§ Work to complete
A word-for-word copy of the data, pictures excluded, is what this task asks for.
+++ Raw data +++
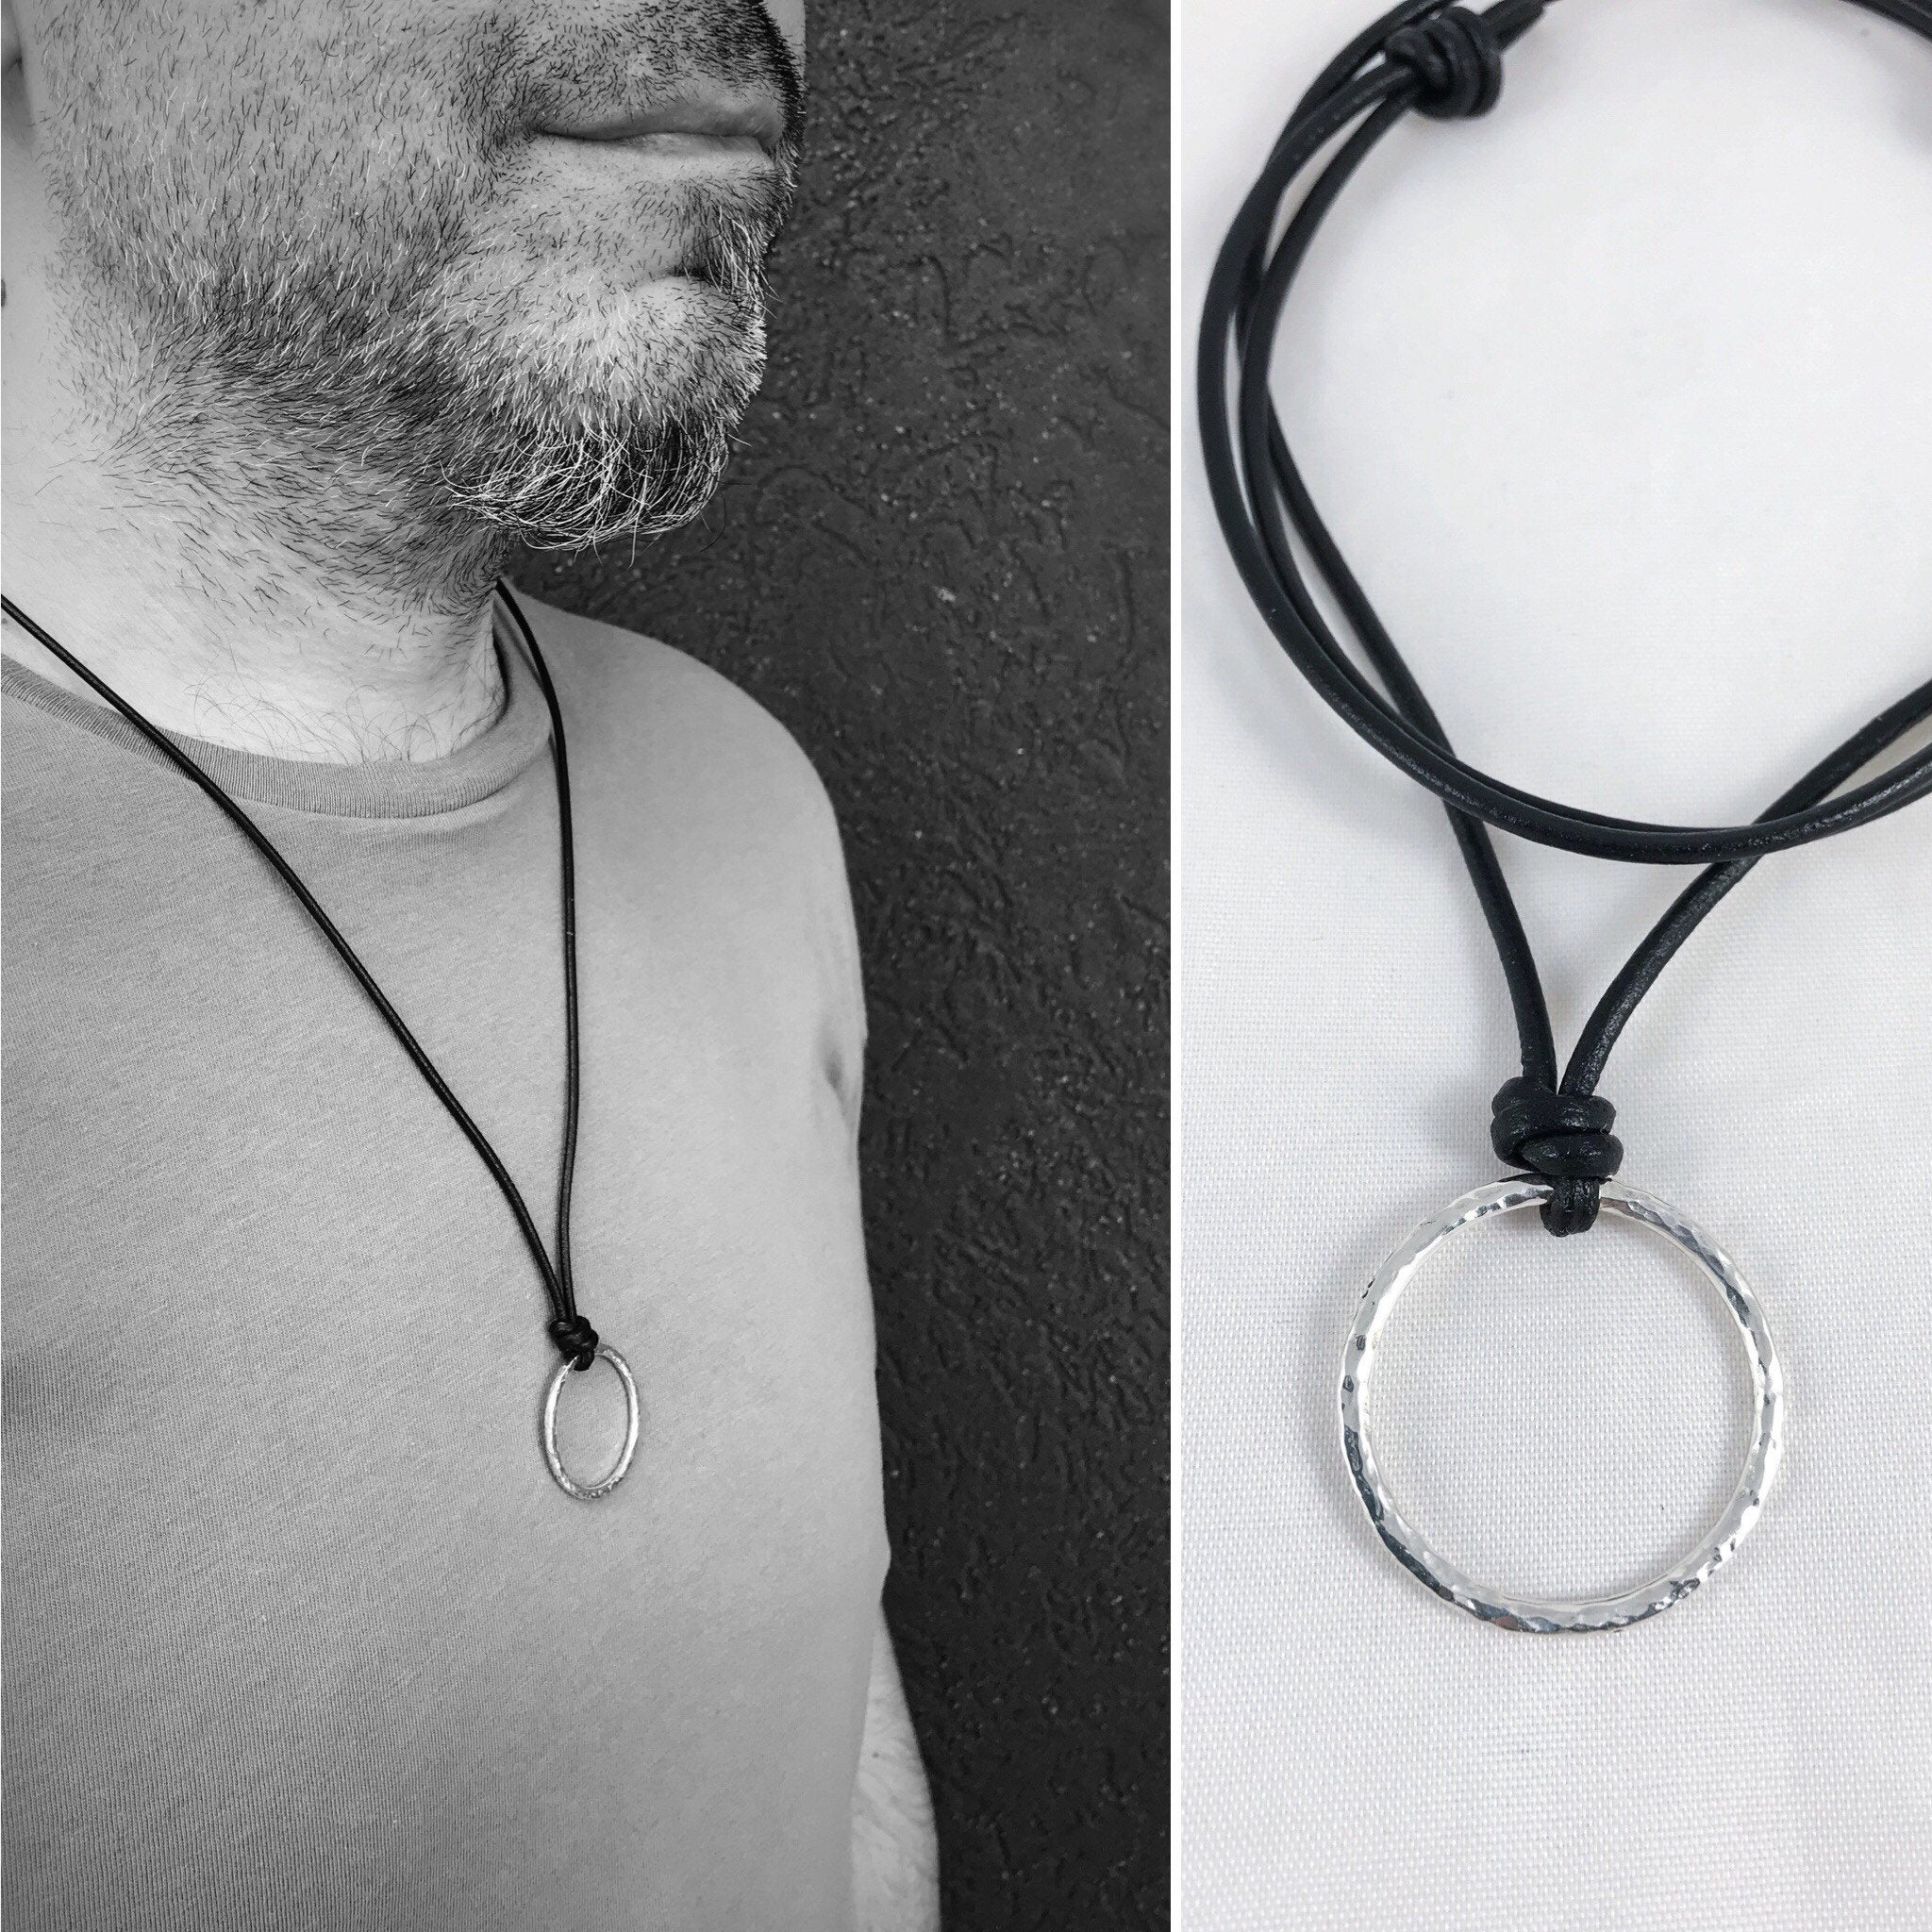 Men's Circle Necklace / Solid Sterling Silver / Rustic Hammer Forged Circle  / Adjustable Leather Cord
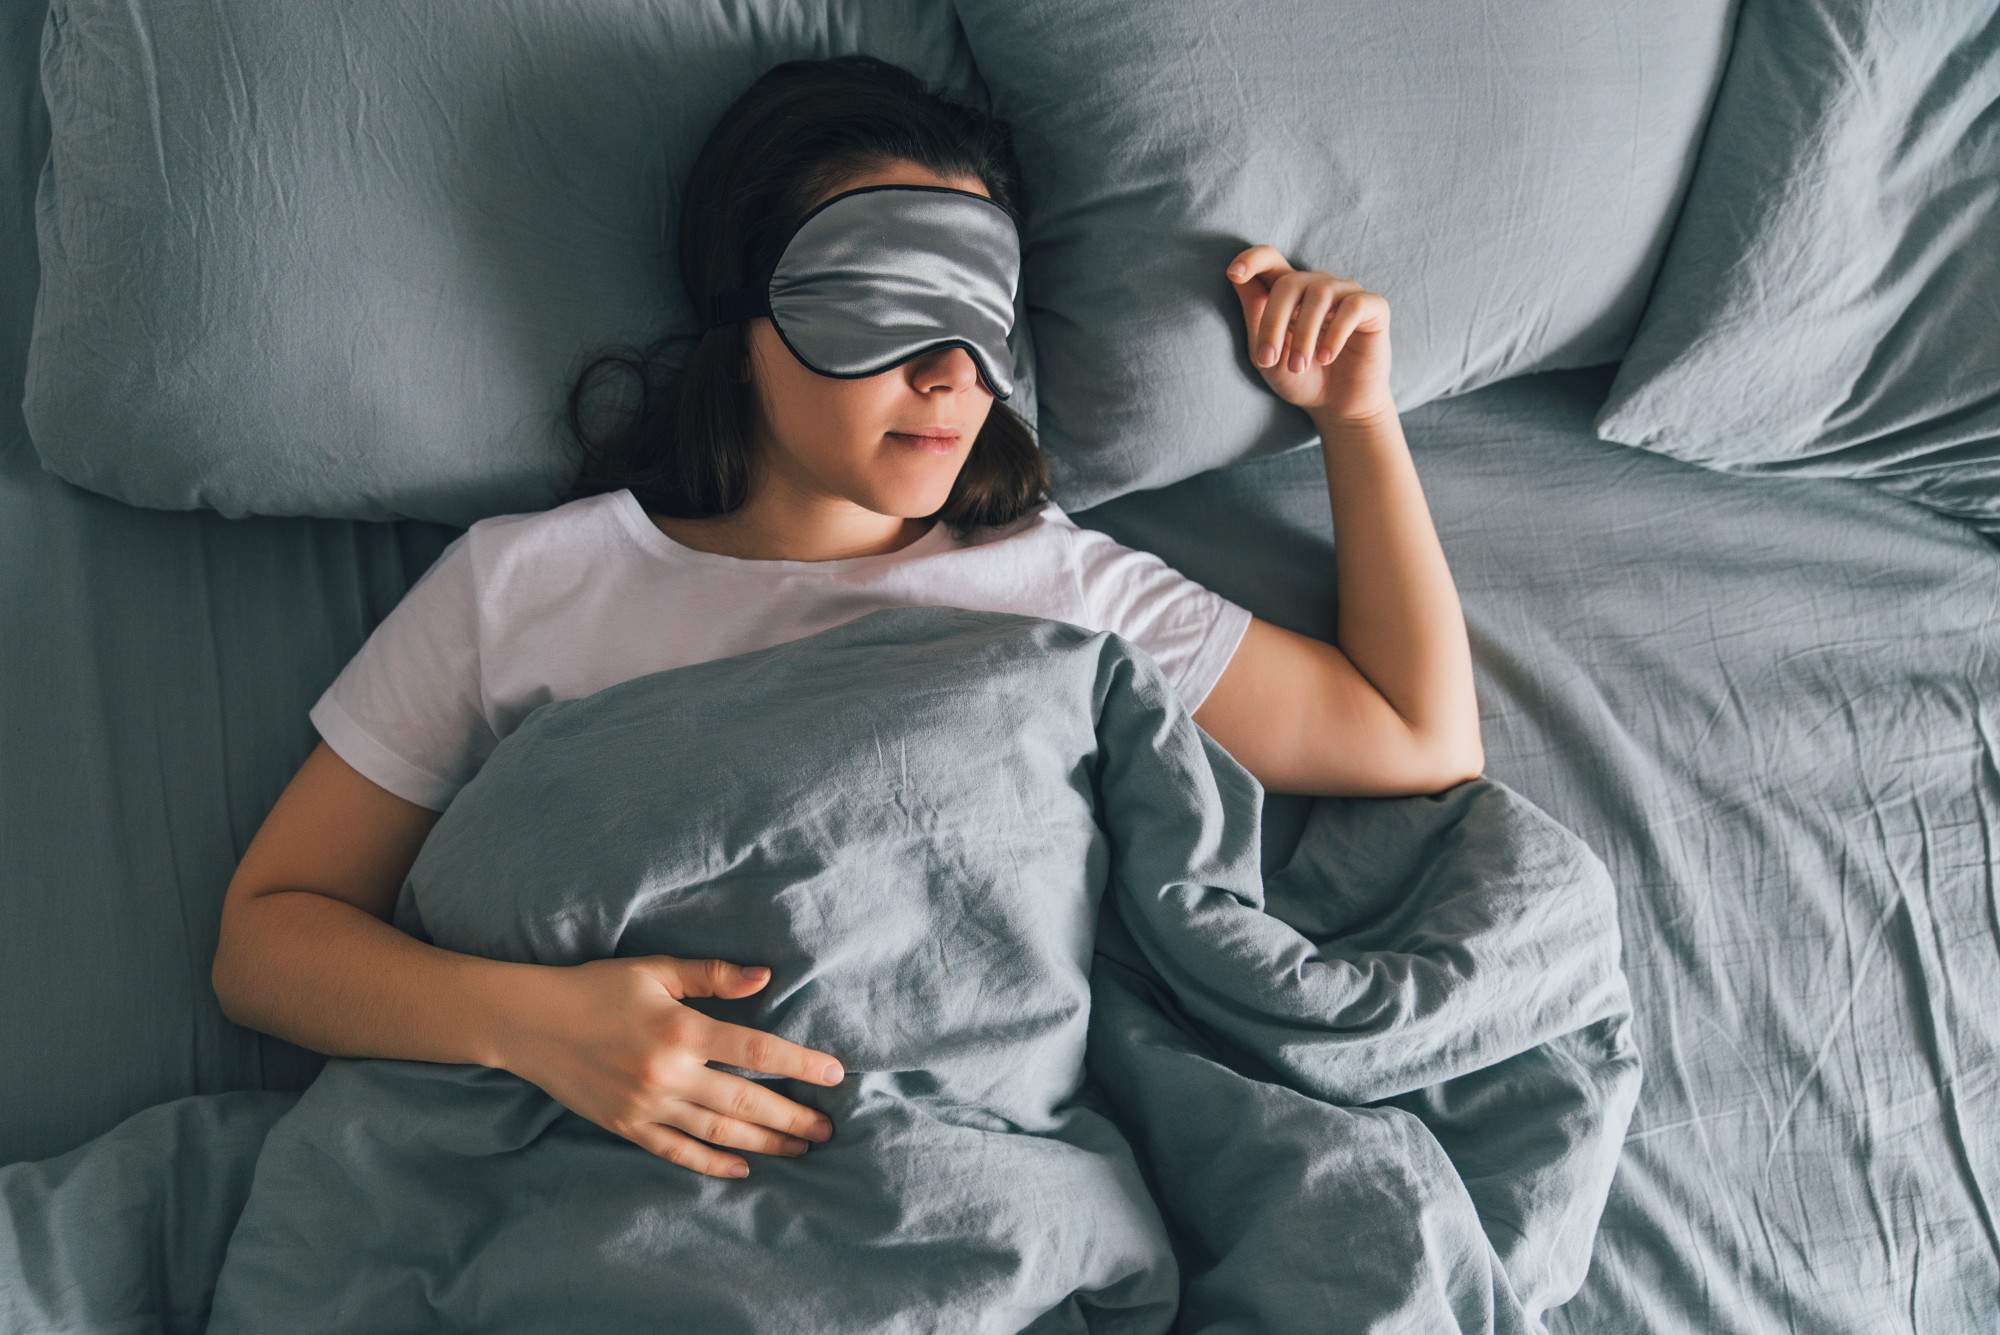 Importance of Sleep for Students: 14 Tips for Getting Better Sleep
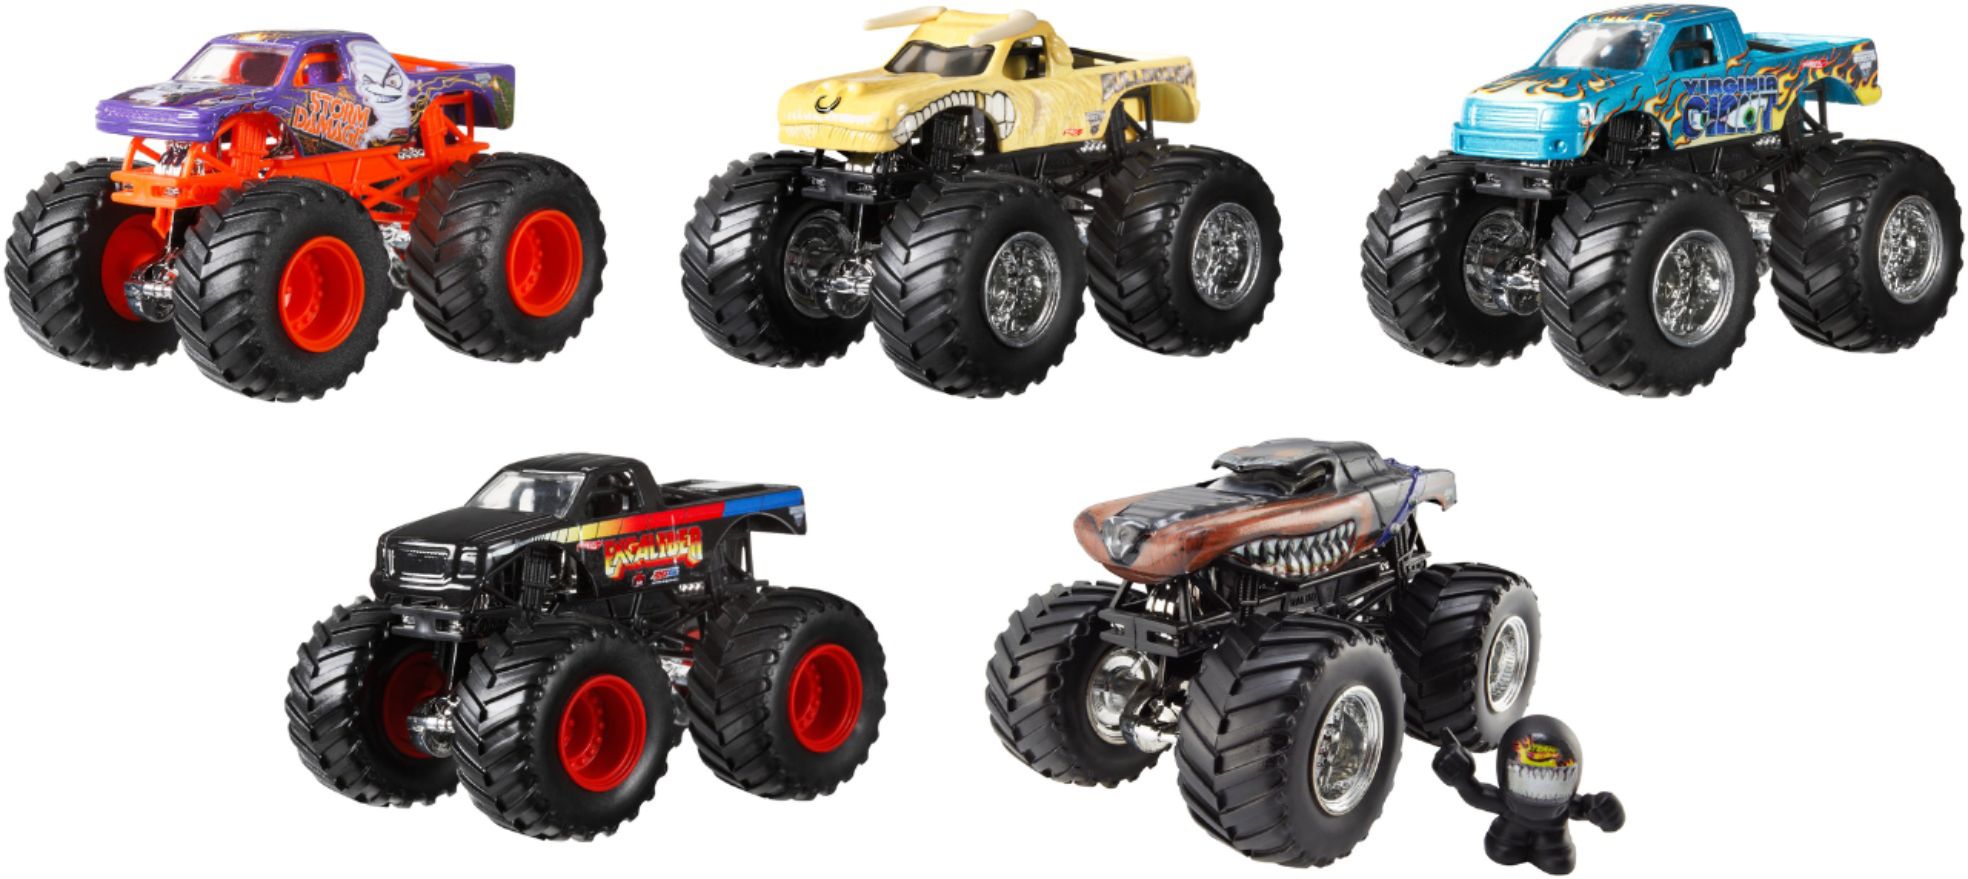 St. Jude patient designs Monster Jam toy truck, surprised with
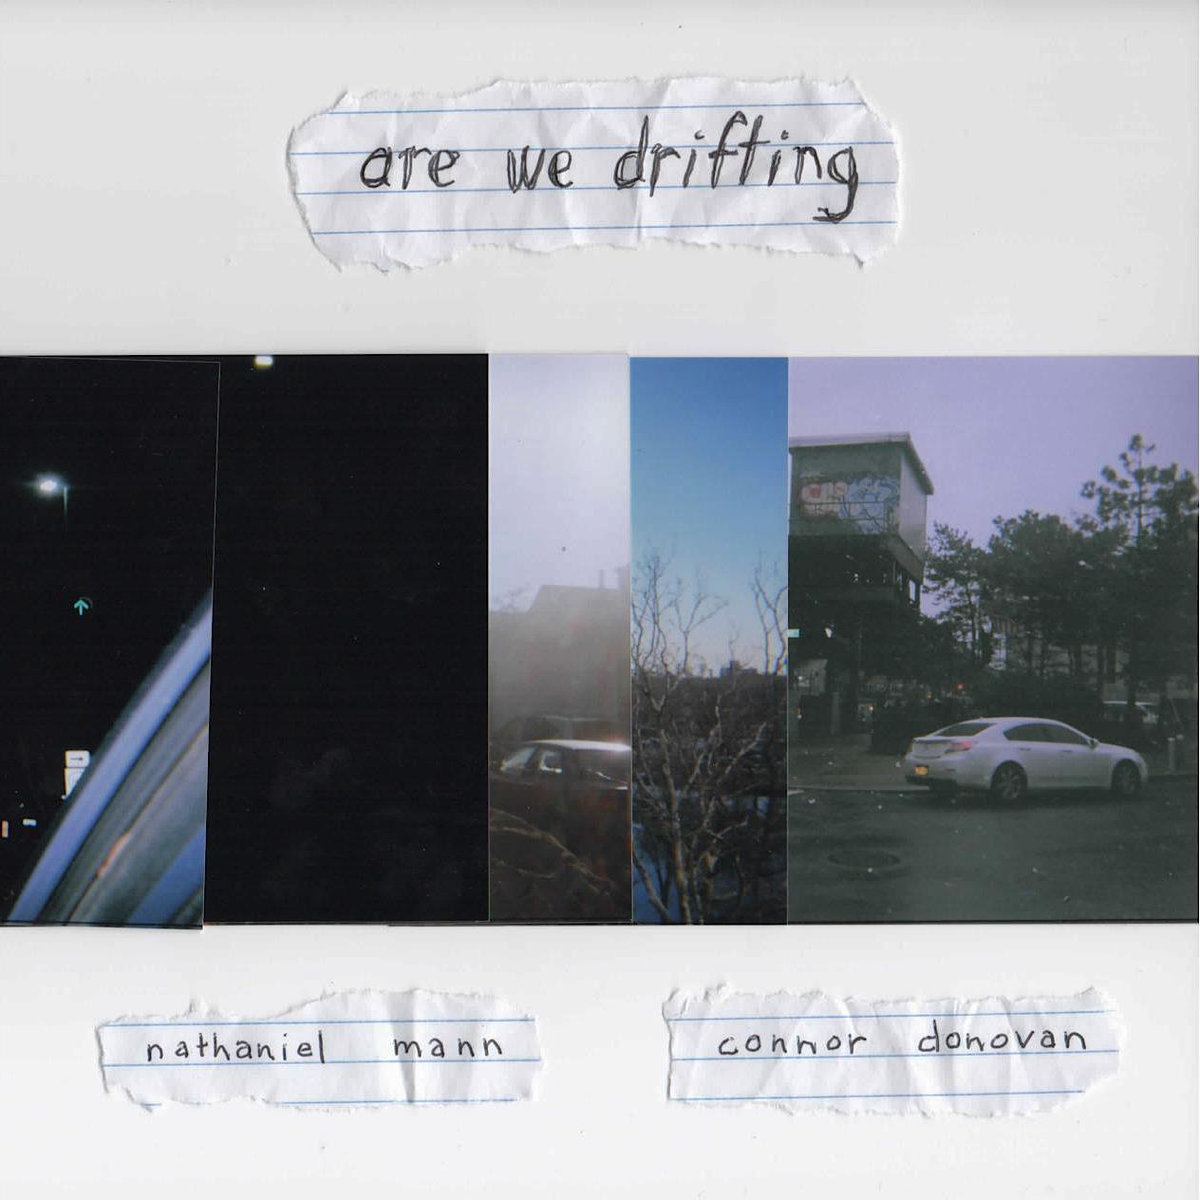 Free download: Connor Donovan & Nathaniel Mann – Are We Drifting
+++
§ Answer box
 Men's Circle Necklace / Solid Sterling Silver / Rustic Hammer Forged Circle  / Adjustable Leather Cord
 Importance of Sleep for Students: 14 Tips for Getting Better Sleep
 St. Jude patient designs Monster Jam toy truck, surprised with
 Free download: Connor Donovan & Nathaniel Mann – Are We Drifting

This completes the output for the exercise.